Another way to manage the variability of windpower is to use it to split water molecules to produce “green” fuels, such as hydrogen and ammonia. In May the European Commission and heavy-industry bosses pledged a ten-fold increase of EU manufacturing capacity for electrolysers, which do the splitting, by 2025. This would allow it to produce 10m tonnes of green fuels by 2030. The commission has also proposed a “hydrogen bank”, capitalised with €3bn ($3.2bn), to help finance the projects.
Investors are giddy. In August Copenhagen Infrastructure Partners (CIP), a private-equity firm, said it had raised €3bn for a fund that will invest solely in hydrogen assets. A dozen projects have been announced in Europe; the three largest together amount to 20GW of green power. Topsoe, a Danish firm that provides technology for such ventures, says its orders add up to 86GW.
Eventually the North Sea’s power system could take the form of an archipelago of “energy islands” that host wind-farm repair staff, aggregate electricity and produce hydrogen in bulk, to be transported onshore by ship or pipeline. As many as ten such schemes are being considered, according to SINTEF, a research firm. North Sea Energy Island, an artificial atoll 100km off the Danish coast, is due to be tendered in 2023. It will serve as a hub for ten surrounding wind farms, with links to neighbouring countries.

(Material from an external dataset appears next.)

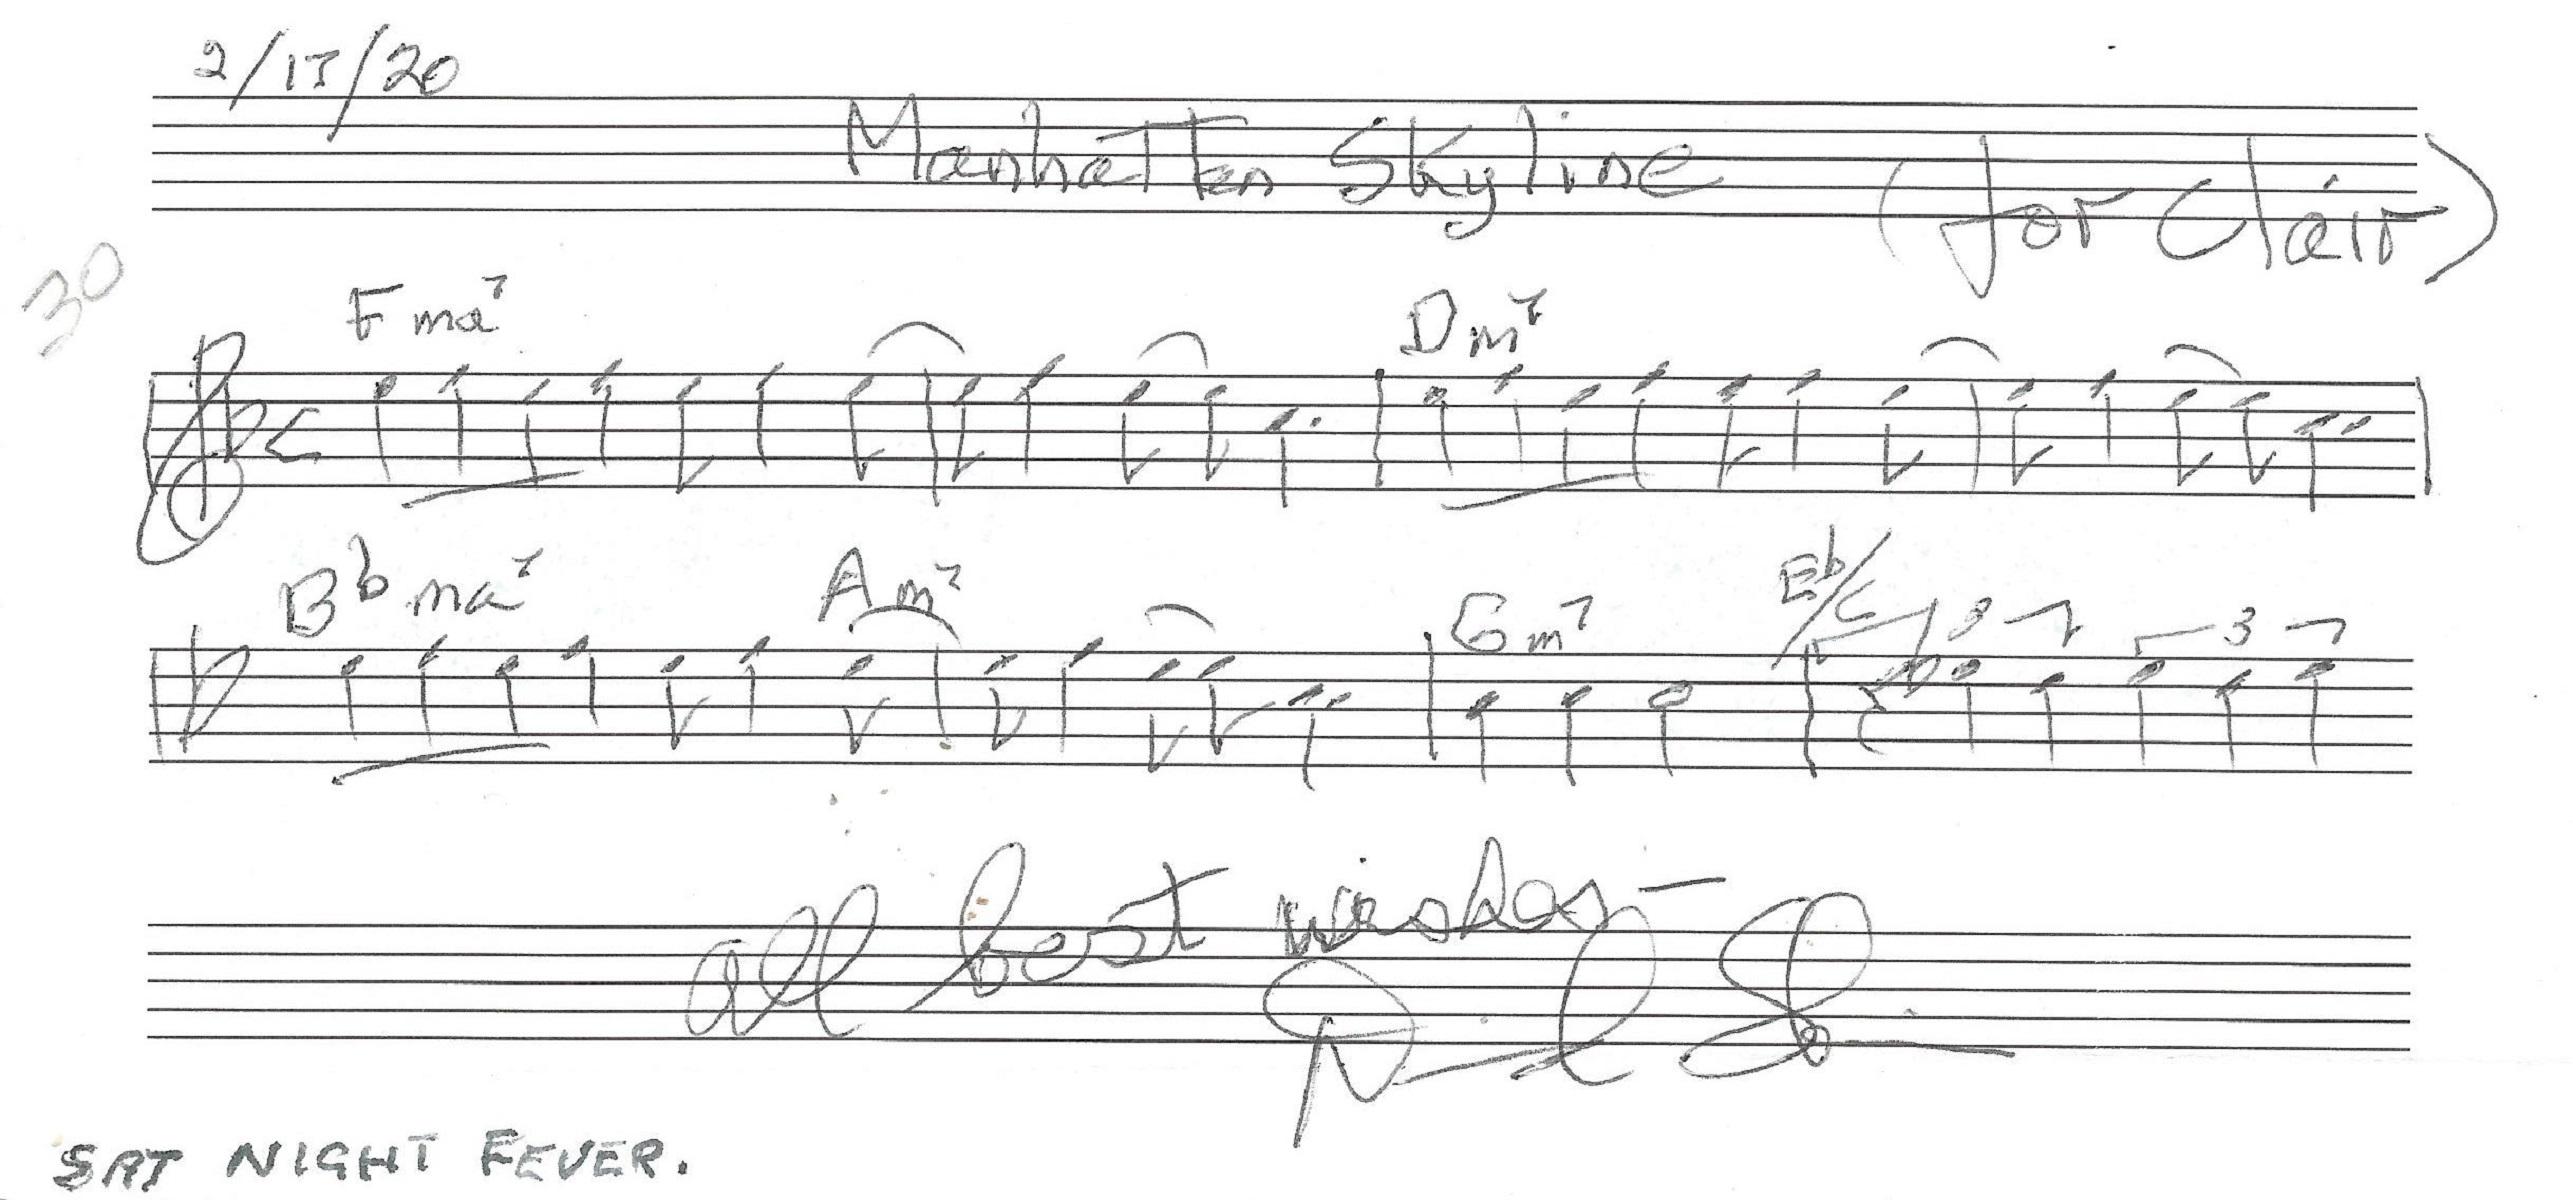 David Shire music score dedicated signature piece featuring Manhattan Skyline, from Saturday Night

One bidder, a joint venture between Orsted, a Danish offshore wind developer that is the world’s largest, and ATP, a local $150bn pension fund, envisages a modular design, with components made onshore and assembled at sea. “We expect it to still be functional in 100 years’ time,” says Brendan Bradley of Arup, an engineering firm that is advising the bid. Thomas Dalsgaard of CIP, which is part of a rival consortium, reckons that producing green fuels offshore will not only help reduce pressure on grids but also save money: hydrogen pipelines are one-fifth the cost of high-capacity power-transmission lines.